So, I'm not worried about the heat right now. Manual J heating loads don't count interior loads, so our bodies and the appliances that give off heat all help. Once I get done improving the building enclosure, the loads should drop and be a lot closer to our heating capacity. Even before the improvements, we have some flexibility because of the two air handlers. If it stays really cold for a few days, we can do most of our heating in the common areas zone during the day and keep the bedrooms cooler than normal. We usually sleep with the bedrooms cooler anyway. And we also have the Hyper-Heat model, which is supposed to provide full heating capacity down to 5° F.

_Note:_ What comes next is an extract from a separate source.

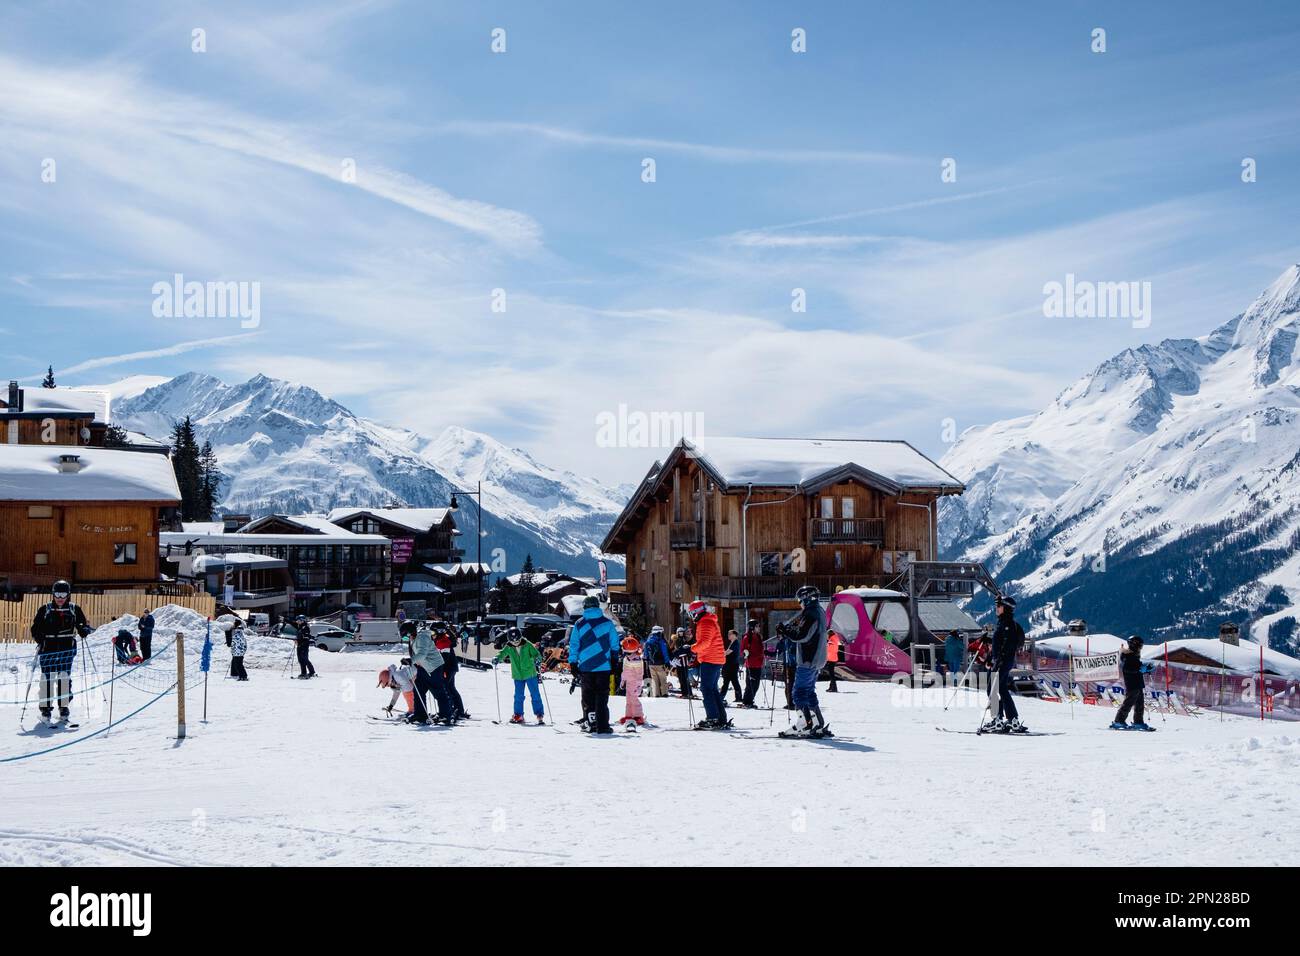 Skiers in family friendly French Alps ski resort of La Rosiere, Bourg-St-Maurice, Auvergne-Rhône-Alpes, France, Europe Stock Photo

The cooling effectiveness, so far
The total cooling capacity is 88% of the cooling load, so we'll be tested on hot days. So far, we've had temperatures right at 90° F, just a few degrees below our summer design temperature of 93° F. The air conditioner hasn't had any trouble cooling the house to the thermostat setpoint yet.
But I've done another little experiment to push the system further. Since the cold weather ended, we've been opening up the sunroom (shown above), which is connected to the den by a set of French doors. On the hot days we've had so far, the den still cools to our usual setpoint of 74° F. To cool the den with sunroom doors open, though, the system has to run more than it was designed to run. That leads to the living room going down to about 71° F because the thermostat is in the den. With the sunroom doors closed, the temperatures even out pretty well. We're about to get a wall-mounted ductless mini-split for the sunroom, and that'll make this problem disappear.
Now, I alluded to another cooling problem, and it's related to humidity. According to Mitsubishi's software, our total latent capacity is only 718 BTU/hr whereas our latent load is 3,803 BTU/hr. If that's correct, our system will do little dehumidification. I haven't measured the amount of condensate coming out of the system yet, but I'm pretty sure we have more than 718 BTU/hr of latent capacity. We've had some warm, humid days lately and the humidity in the house hasn't gotten out of control. Our dew points this week have gotten up as high as 74° F (Ugh!), and the indoor relative humidity is still mostly less than 60%. If I believe the separate thermo-hygrometer over the thermostats, it's always less than the 60%.
In short, undersizing the system hasn't resulted in uncomfortable conditions in our house (yet). And it hasn't motivated me to accelerate my schedule of improvements to the house (yet). We'll see how it goes as we get into hotter weather this summer and what happens when we have a real cold spell. For now, I'm happy with my skinny little undersized heat pump.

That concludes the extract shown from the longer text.